Sabiendo la historia de los siglos anteriores a la era de los Reyes Católicos, se puede entender el cómo se llevó a cabo la conquista del Nuevo Mundo. Para empezar, cuando se debatió el asunto sobre si los indios debían ser esclavizados o no, la Reina Isabel fue enfática en señalar que los indios fuesen tratados “como nuestros súbditos y vasallos, y que ninguno sea osado de les hacer mal ni daño”; o sea, fueron tratados como ciudadanos desde el primer momento. Cuando se emprendió la conquista de México y del Tahuantinsuyo (ambos imperios tiránicos con los pueblos que vivían a su alrededor), fue con la ayuda de los pueblos que sufrían las onerosas cargas impuestas por los imperios antes mencionados y con la promesa de mejorar su situación; tanto indios derrotados como aliados fueron tratados de la misma forma, y las élites indígenas fueron educadas en colegios y universidades creadas para su instrucción -se crearon 26 universidades, y aún más colegios, en los dominios hispánicos para tal propósito-. La Inquisición no fue aplicada sobre los indígenas, la que sí fue aplicada sobre los súbditos criollos y mestizos; quizás, porque se esperaba una total sinceridad de su conversión, quizás, por la buena voluntad que los súbditos americanos mostraron en general frente al dominio español. Se crearon catecismos en lenguas como la aymara y la nahual, con el propósito de educar a los indios y mantener sus lenguas y las tradiciones que no fuesen en contra de la fe. Las instituciones indígenas fueron respetadas: Don Francisco Álvarez de Toledo, el virrey peruano cuyo buen gobierno le valió el mote de “Solón Virreinal”, hizo un enorme esfuerzo para restaurar muchas instituciones incaicas; mientras, en Nueva España, a los tlaxcaltecas se les permitió mantener su gobierno y se crearon “repúblicas de indios” para otros. Y es que, a pesar de los abusos que algunos conquistadores mostraron, la situación de los indios era mejor que en los tiempos precolombinos: no temían el riesgo de ser víctimas de las “guerras floridas”, ni el riesgo de ser esclavizados -aunque, a veces, el trabajo en algunos lugares solía ser muy duro-, y tenían en los frailes y la ley herramientas en las cuales ampararse. Además, los conquistadores españoles fueron muchos más benévolos que sus contemporáneos europeos.

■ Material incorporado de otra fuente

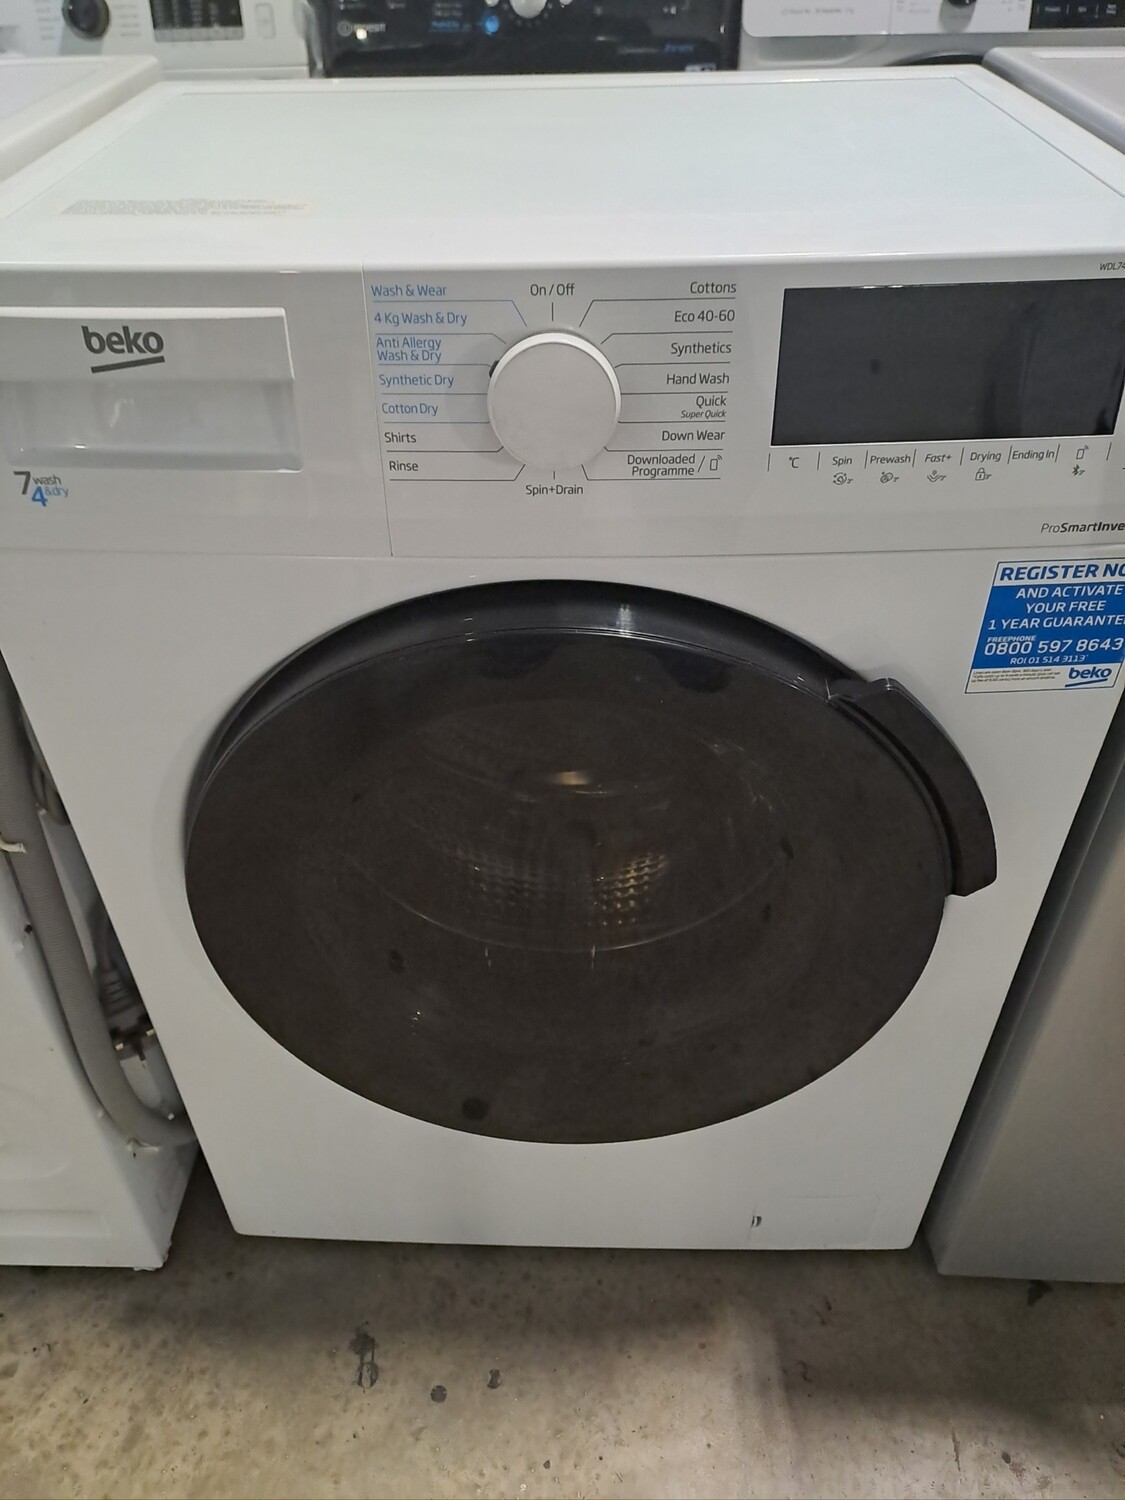 Beko WDL742431W 7+4kg Load 1400 Spin Washer Dryer - White - Refurbished - 6 Month Guarantee. This item is located in our Whitby Road Shop

Los ingleses, quienes hicieron los mayores esfuerzos por extender la Leyenda Negra Española, lo único que buscaron de los indios era su uso como esclavos o su muerte, crearon sólo nueve universidades en América hasta el siglo XVIII -donde, obviamente, no podían entrar nativos americanos-, y no hubo ningún intento de integración hacia la población autóctona en sus colonias, por mencionar sólo un puñado de cosas. Por último, el tratamiento dado a sus dominios por los españoles fue más el más digno comparativamente hablando: para España, sus dominios ultramarinos eran “reinos” -con todo el peso que implica esa palabra- con el mismo tratamiento que sus reinos europeos -otras Españas, igual que sus dominios italianos o flamencos-; mientras que, para los países enemigos de la Monarquía Hispánica, sus dominios ultramarinos eran simples “colonias” o “factorías”. Se desprende, de todo lo mencionado hasta ahora, que los españoles comprendieron -mejor que otros pueblos- que se debía respetar las buenas costumbres de los súbditos sobre los cuales reinaban, que había que tratarlos de manera justa, y que debían velar por su bienestar material y espiritual; algo que los enemigos de España consideraron imperdonable.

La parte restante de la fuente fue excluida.